Orthodox historians also deny that Truman was the unwitting tool of military or business interests. They argue that the revisionists have greatly overestimated the power of such interests. The American military–industrial complex had grown enormously during the Second World War, but its post-war ambitions were limited by congressional resistance to increased military spending and the public’s expectation of rapid demobilisation. The development of the atomic bomb was a great scientific achievement, but provided little immediate military advantage given that the number of available atomic bombs was virtually nil. The Truman administration was certainly keen to help American business and promote exports and overseas investment, but the economically devastated region of Eastern Europe was hardly the most inviting market in this respect. In fact, implementation of an alleged grand design for the United States to dominate the world economy would have been severely constrained by domestic political factors. Congress even baulked at granting a post-war loan to Britain, America’s closest ally. The Marshall Plan was scrutinised line by line by congressmen who were more concerned with its real costs and what these would mean for the American taxpayer than with its vague future benefits. Post-RevisionismDespite the claim made during the 1980s that a “post-revisionist” synthesis had emerged among American historians, the controversy over the origins of the Cold War remains unresolved. If there is common ground, it is agreement that American policymakers were acutely suspicious of the intentions of the Soviet Union and irritated by its refusal to co-operate in reconstructing the post-war world in the American image. In the immediate aftermath of the Second World War, the political vacuum in Central and Eastern Europe, together with the presence of large military forces, made Europe the centre of diplomatic attention and the focus of superpower conflict. At this point historical interpretations in the West diverge.

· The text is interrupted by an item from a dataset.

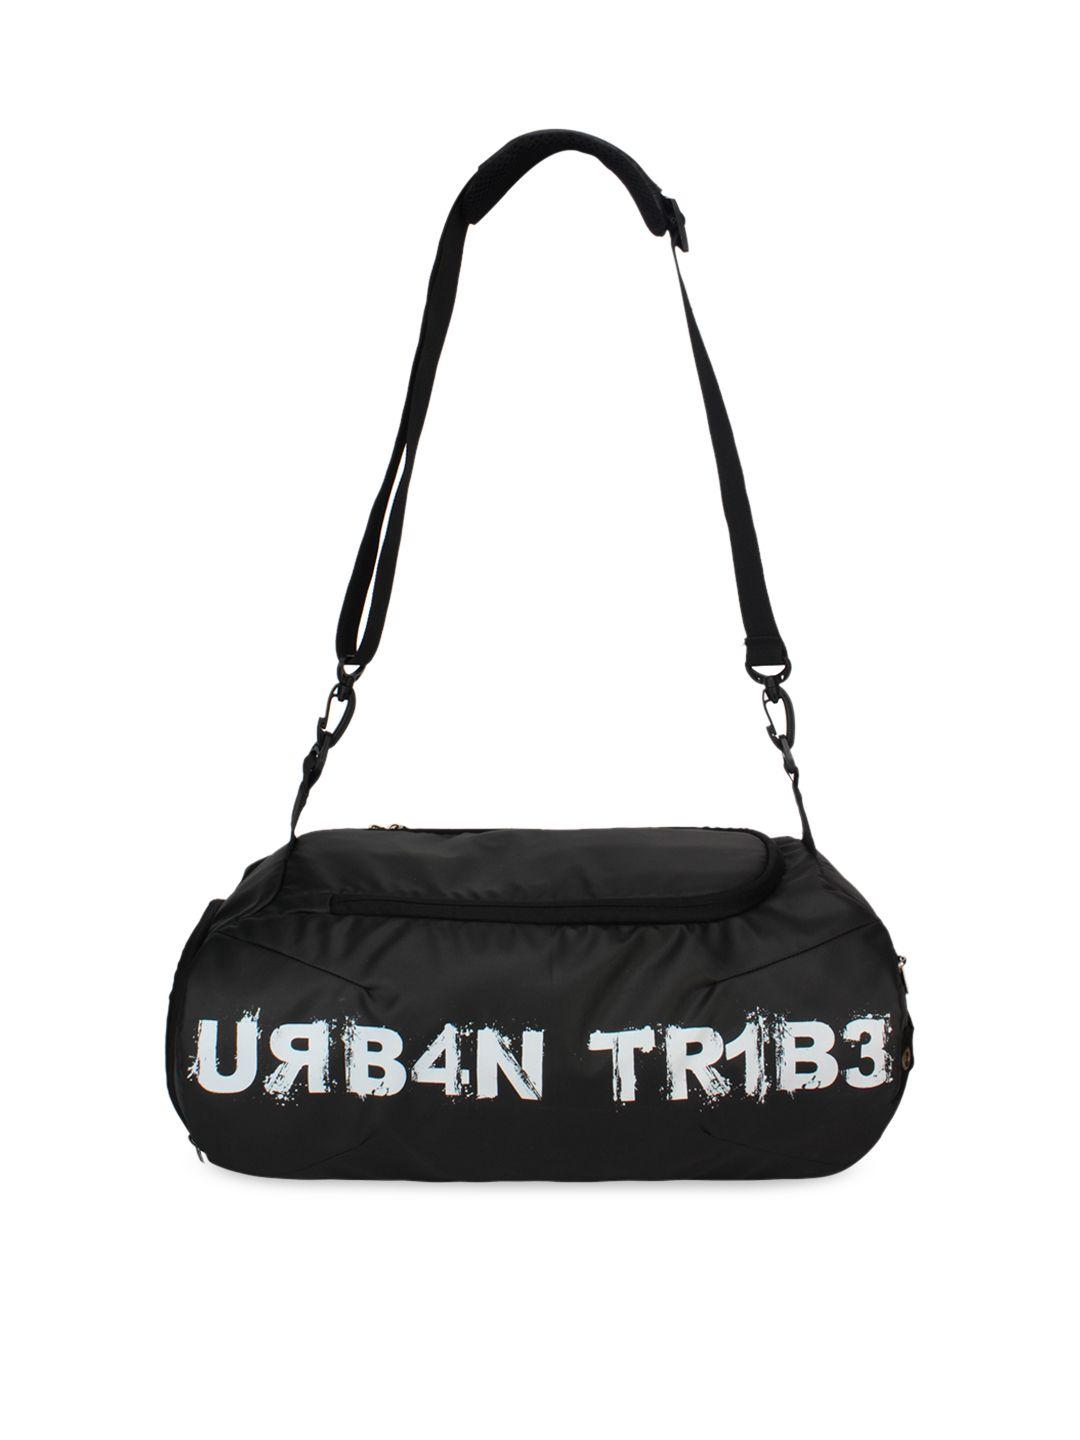 urban tribe plank black gym duffel bag

Orthodox writers argue that Stalin was bent on world conquest and had to be resisted. Revisionists single out Truman as the instrument of economic forces and conclude that Stalin was a victim of unreasonable American pressure to concede a global “open door”. Post-revisionists contend that both leaders pursued pragmatic policies and were equally to blame for mistakes and misperceptions that broke up the wartime alliance and initiated a state of cold war. Stalin was reluctant to embark upon another full-scale war in Europe, even though, as recently opened Soviet archives reveal, he was keen to extend Soviet borders at the West’s expense. While Truman was a fierce critic of communist aggression, his tough rhetoric disguised the lack of a systematic American strategy to contain the perceived threat. West European countries, especially Britain, were perturbed by what they considered to be the failure of American political leaders to appreciate the seriousness of the Soviet military threat. This has raised the question of the particular contribution of European powers to the outbreak of the Cold War. Indeed, the desire and evident success of West European leaders in persuading the United States to become directly involved in Europe’s political and military affairs have led some historians to argue that America acquired an “empire by invitation” rather than by conscious design or forceful diplomacy.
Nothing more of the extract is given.